One known type of castor, such as disclosed in British Patent No. 928,709, 
achieves a high mobility compared with other known types by having a wheel 
mounted at a camber angle relative to the swivel axis. In this type of 
castor the direction of camber is outward with respect to the swivel axis. 
By this is meant that if the castor is viewed in the direction of travel 
on a horizontal support surface, the lowermost tip of the castor would be 
seen closer to the swivel axis than the uppermost tip. In particular, the 
lowermost tip, which contacts the support surface, would be seen to be 
substantially in line with the swivel axis. In a transverse view, the 
wheel axis would be seen to be offset behind the swivel axis. Despite its 
advantages, this type of castor does have some limitations.
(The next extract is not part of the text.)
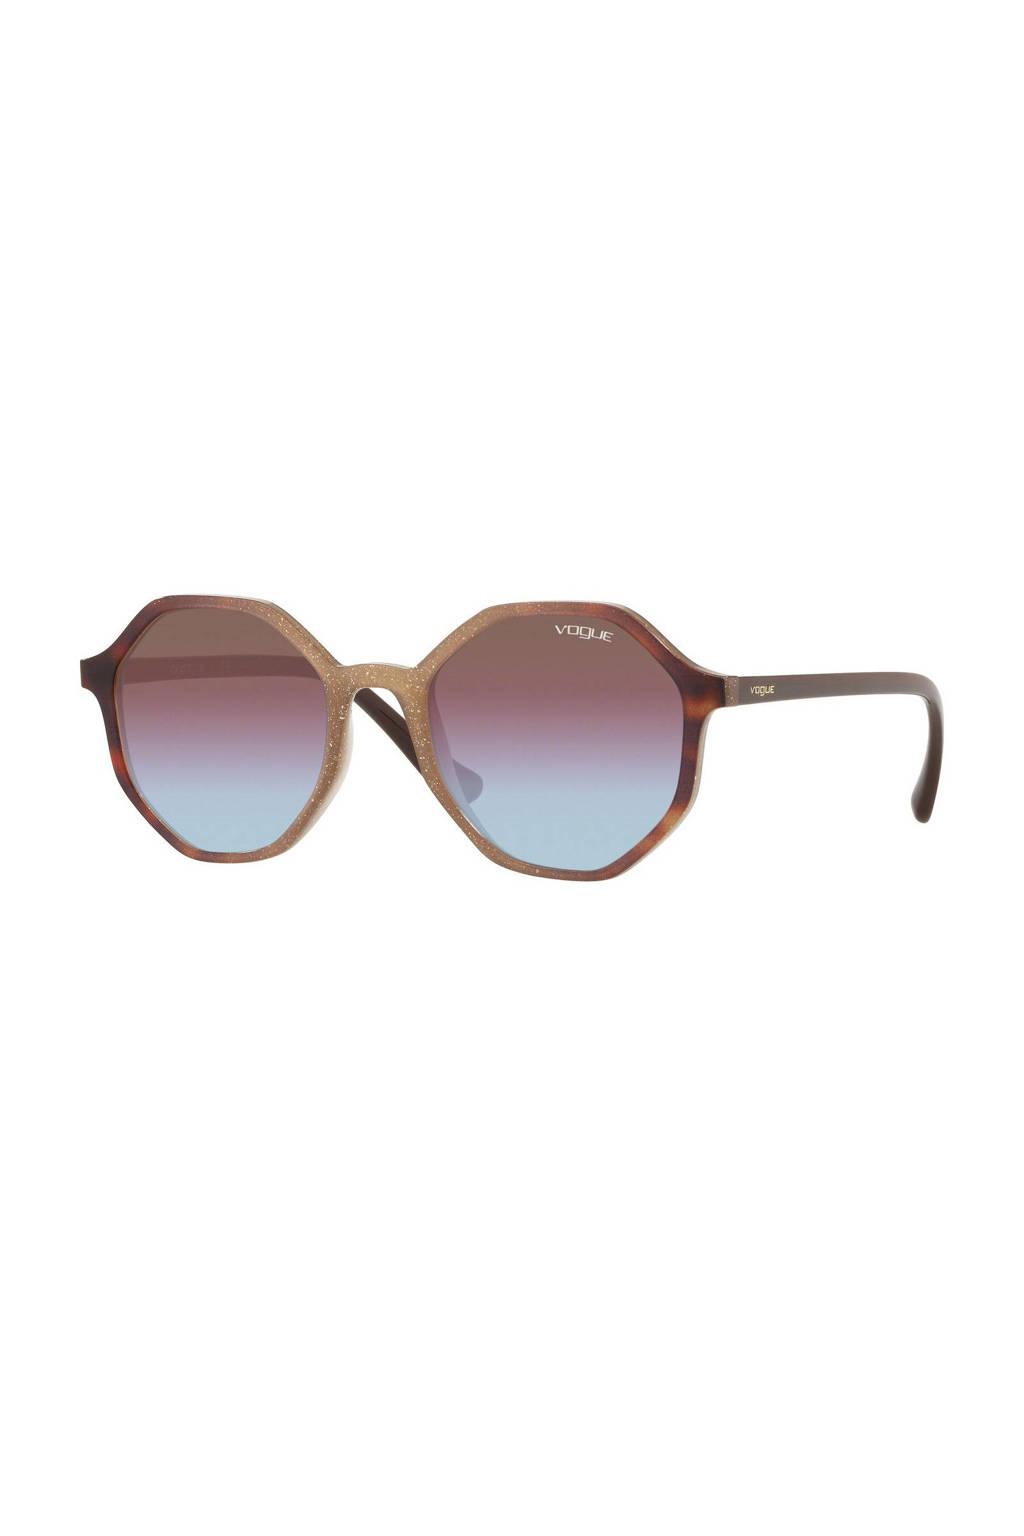 Vogue zonnebril 0VO5222S

For example, 
the castor is inherently asymmetrical in the relationship between the 
wheel and the swivel axis and it is essential that castors of this type be 
manufactured and mounted in complementary pairs, otherwise smoothness of 
operation and stability are adversely affected. 
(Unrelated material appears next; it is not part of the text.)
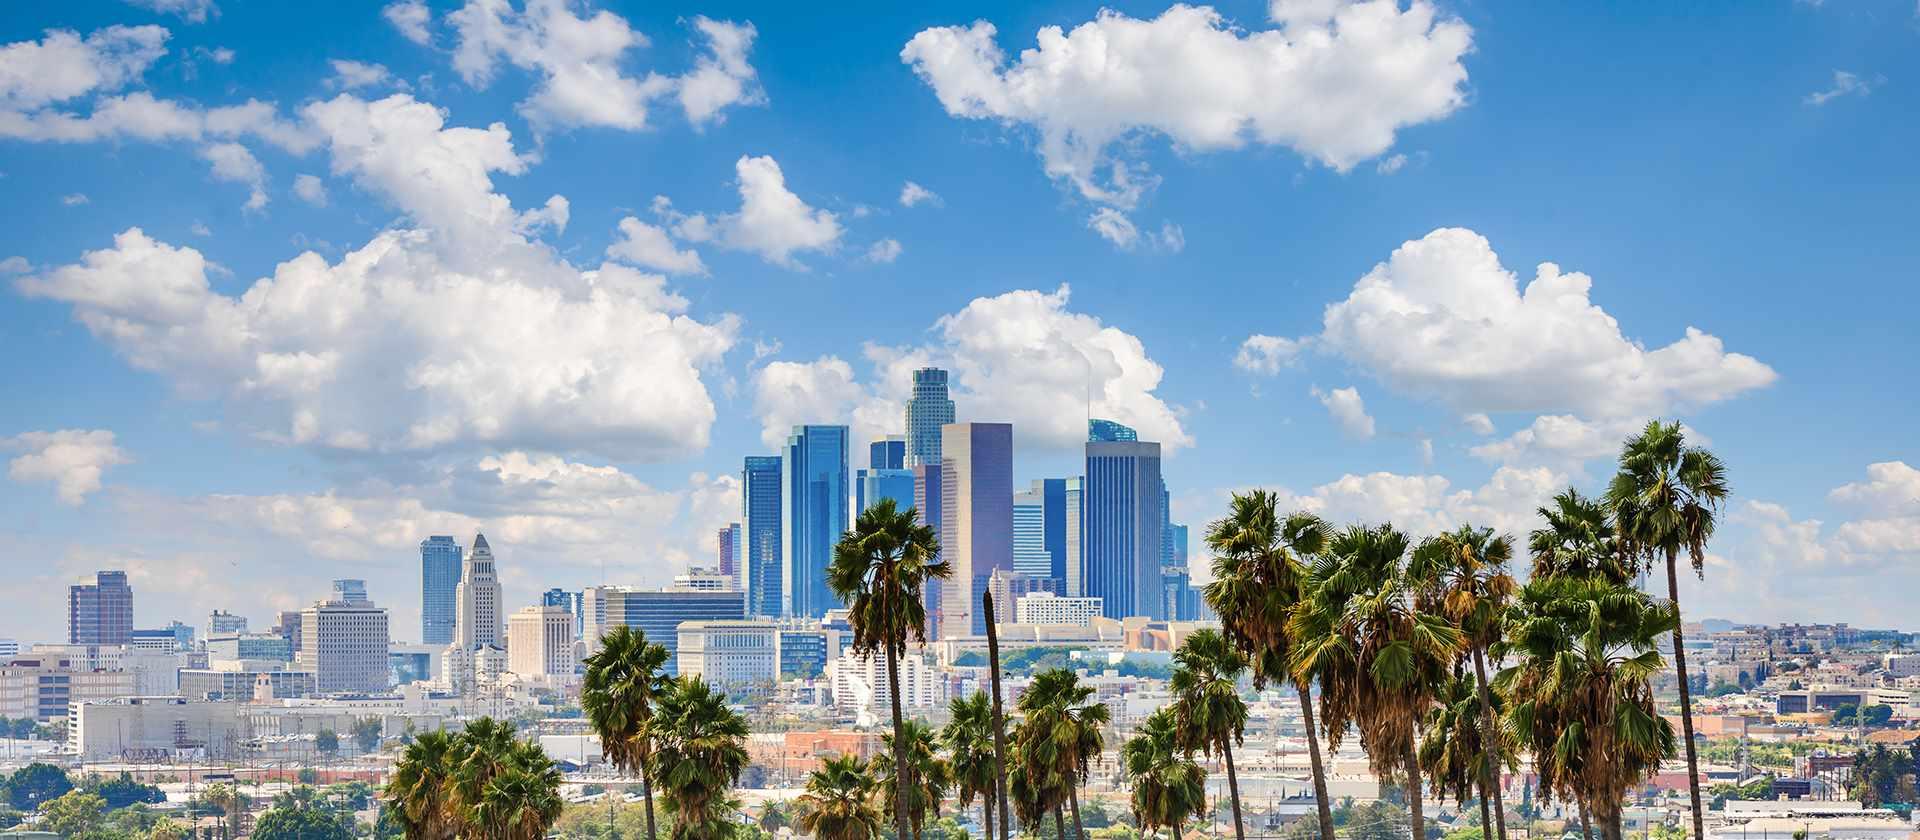 21th ISOLS General Meeting – Los Angeles 2022

It has been proposed to improve the load-carrying capacity of castors by 
providing a pair of wheels. However, the use of two wheels increases the 
sidways frictional forces between the castor and the floor, and tends to 
make swivelling more difficult. 
The wheels have generally been mounted upright or cambered outwardly with 
respect to each other i.e. the bottoms of the wheels are more closely 
spaced than the tops. Such outwardly cambered arrangements are disclosed 
in U.K. Patent Nos. 239,701 and 928,709, U.S. Pat. No. 3,922,754, and 
Australian Patent Nos. 449,886 and 516,597. However, as acknowledged in 
the former Australian patent, such arrangements require a certain force to 
start turning motion; and moreover the close spacing of the wheels where 
they contact the floor leads to twisting forces which may tend to damage 
carpets and other floor coverings. 
It is an object of the present invention to provide a twin wheel castor of 
improved swivellability and less resistance to turning. 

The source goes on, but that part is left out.